Task prompt: Pictures in the data must not be copied, but everything else should be output exactly.

Source material:
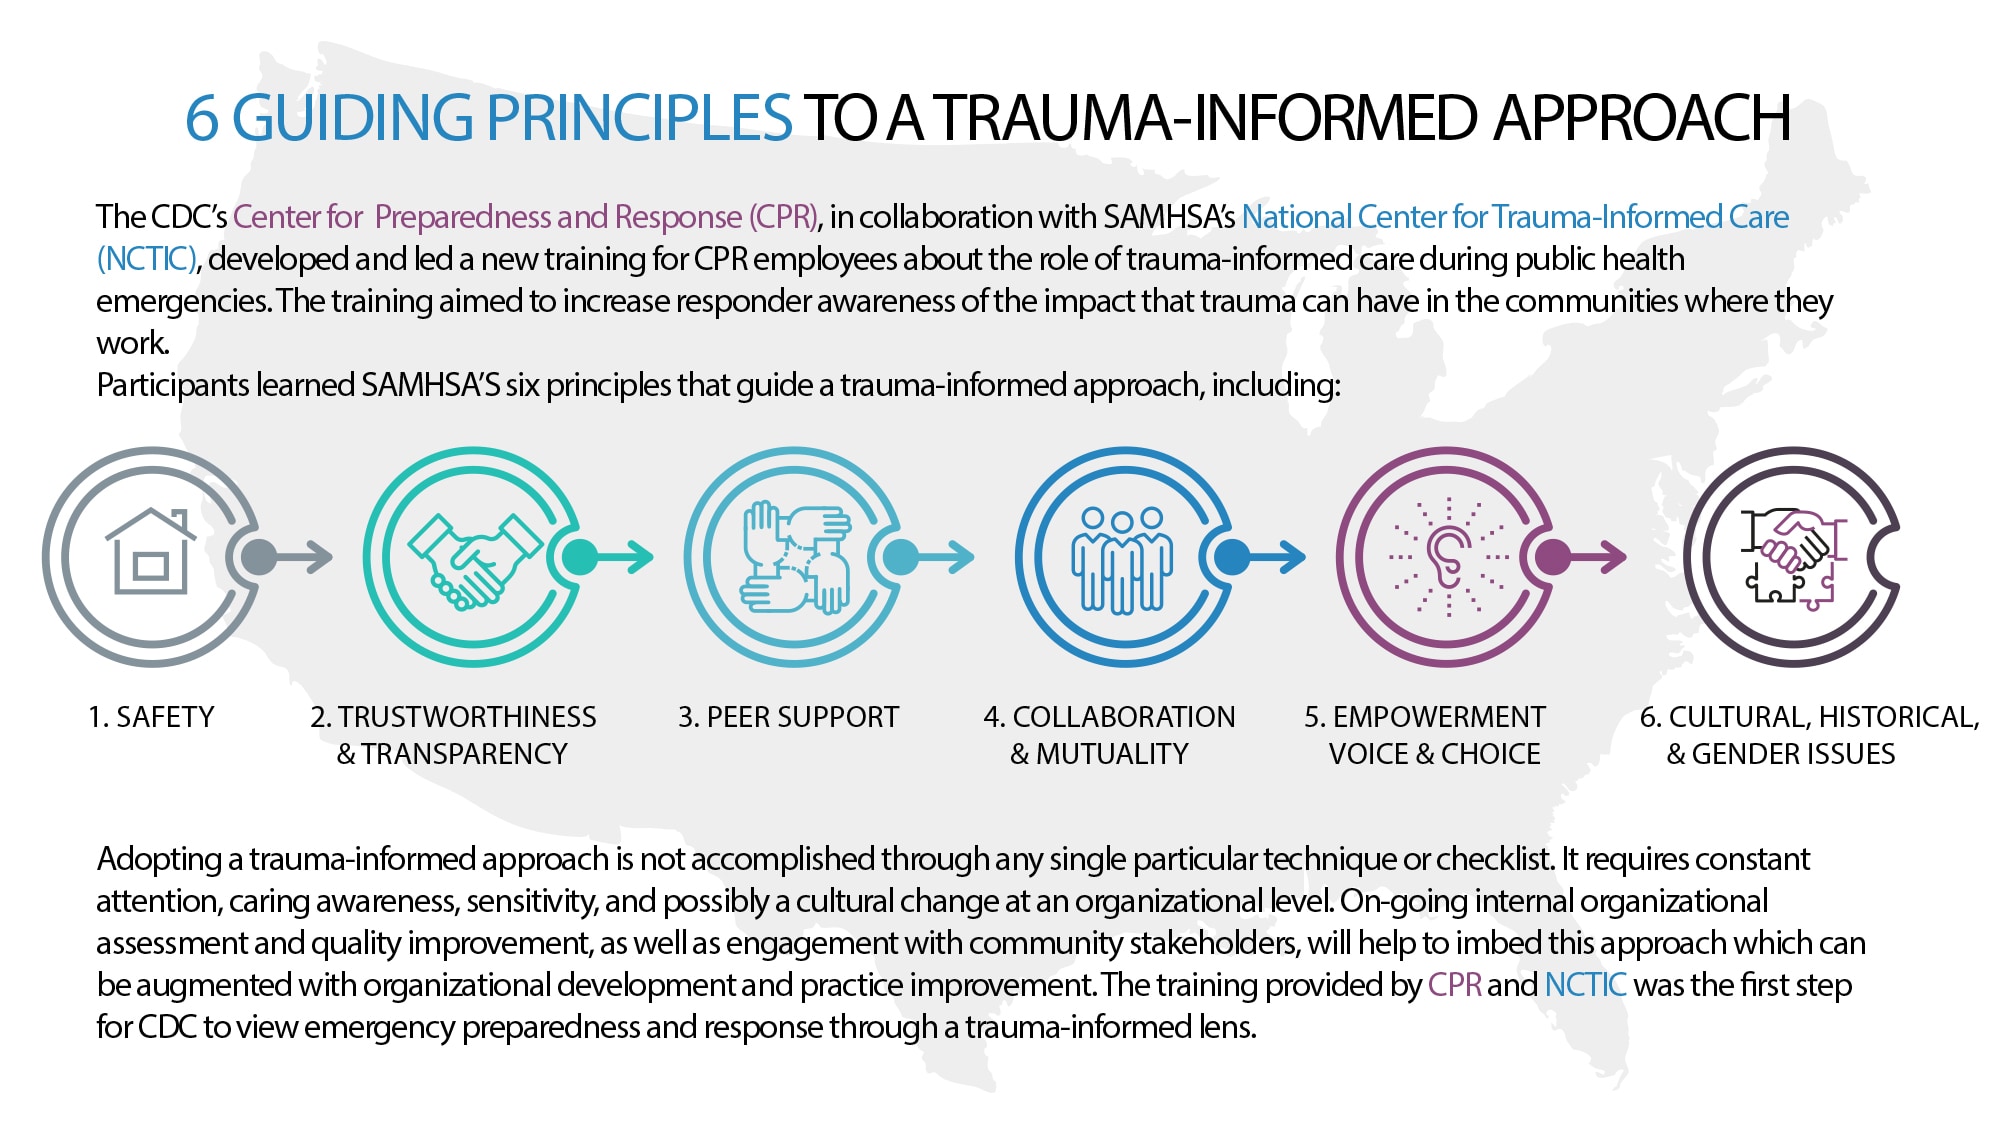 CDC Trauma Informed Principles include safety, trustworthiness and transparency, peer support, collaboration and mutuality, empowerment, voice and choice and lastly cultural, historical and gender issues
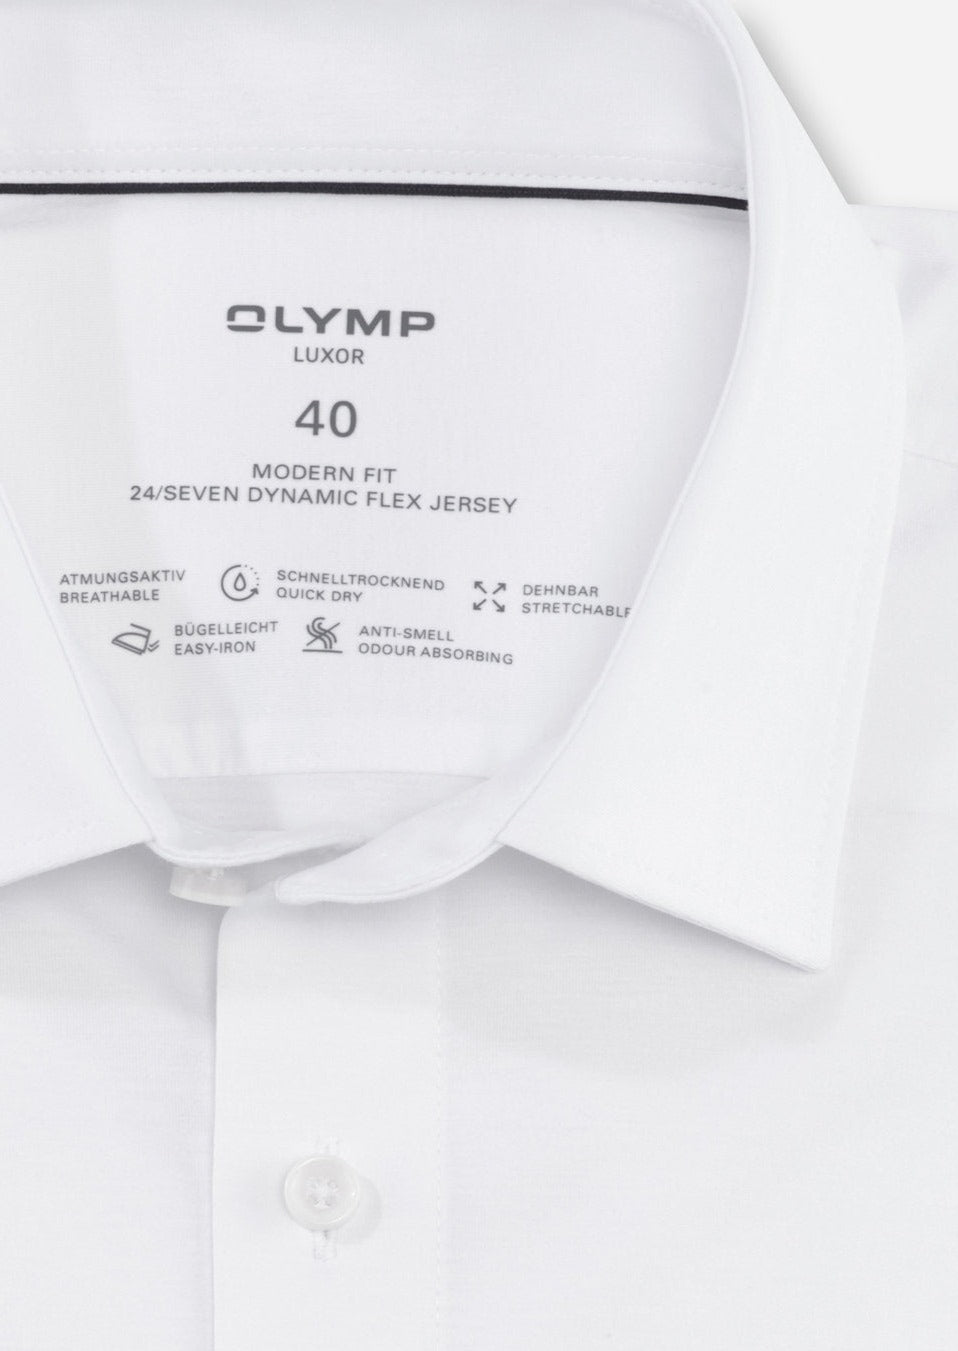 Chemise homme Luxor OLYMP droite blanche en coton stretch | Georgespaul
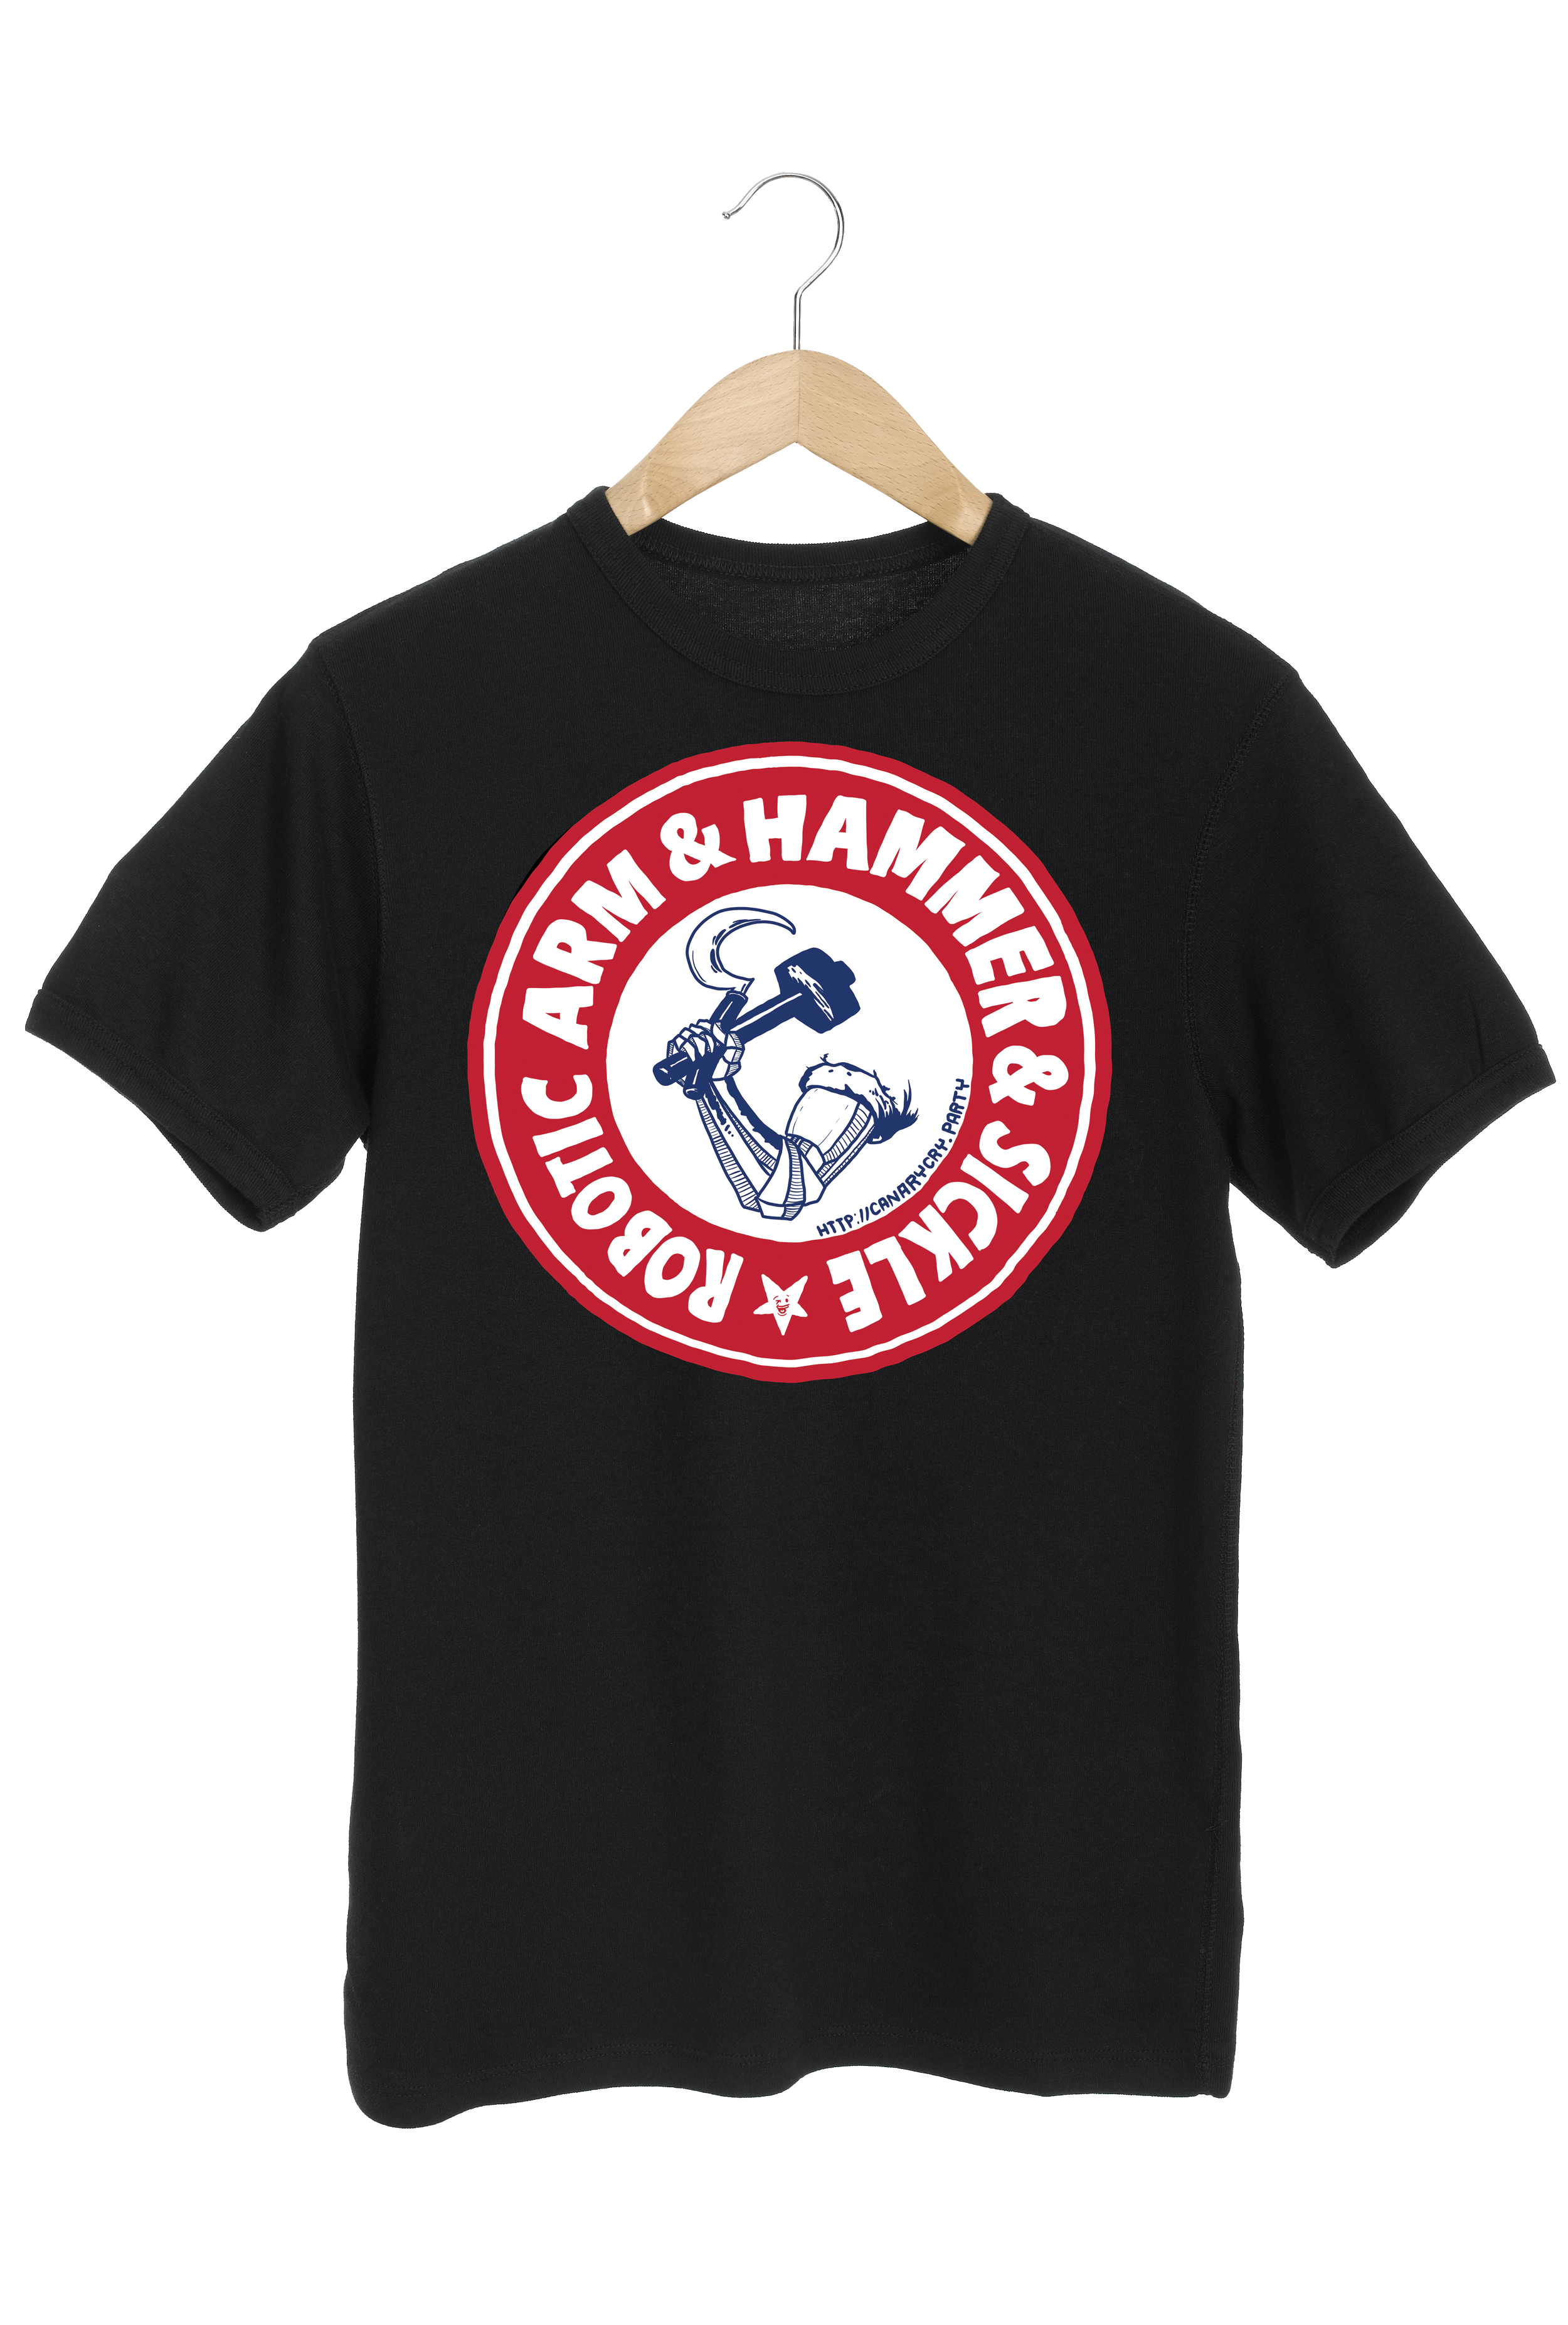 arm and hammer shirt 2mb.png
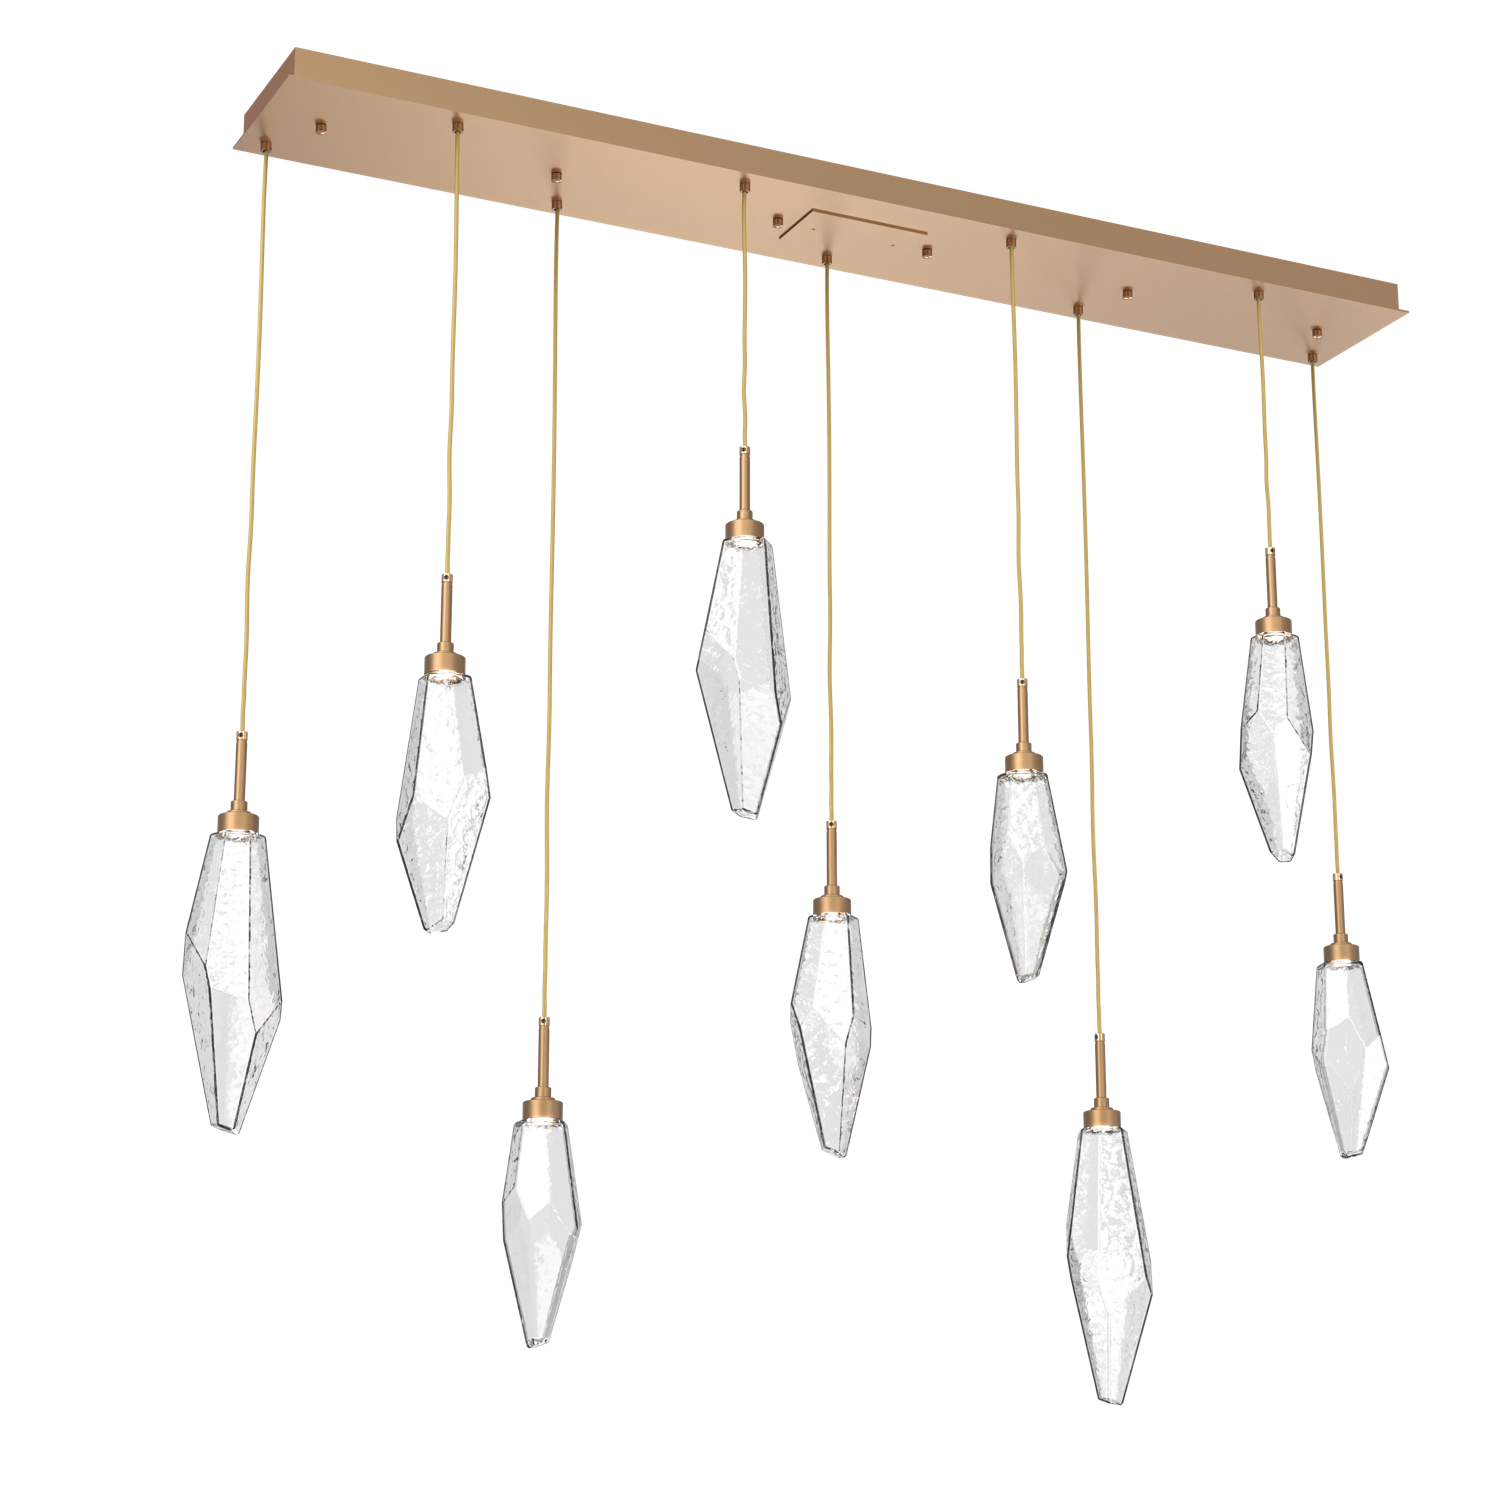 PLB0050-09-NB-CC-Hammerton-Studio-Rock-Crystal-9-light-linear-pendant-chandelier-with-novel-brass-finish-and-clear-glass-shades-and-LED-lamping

Exercise output:
 CDC Trauma Informed Principles include safety, trustworthiness and transparency, peer support, collaboration and mutuality, empowerment, voice and choice and lastly cultural, historical and gender issues
 Chemise homme Luxor OLYMP droite blanche en coton stretch | Georgespaul
 arm and hammer shirt 2mb.png
 PLB0050-09-NB-CC-Hammerton-Studio-Rock-Crystal-9-light-linear-pendant-chandelier-with-novel-brass-finish-and-clear-glass-shades-and-LED-lamping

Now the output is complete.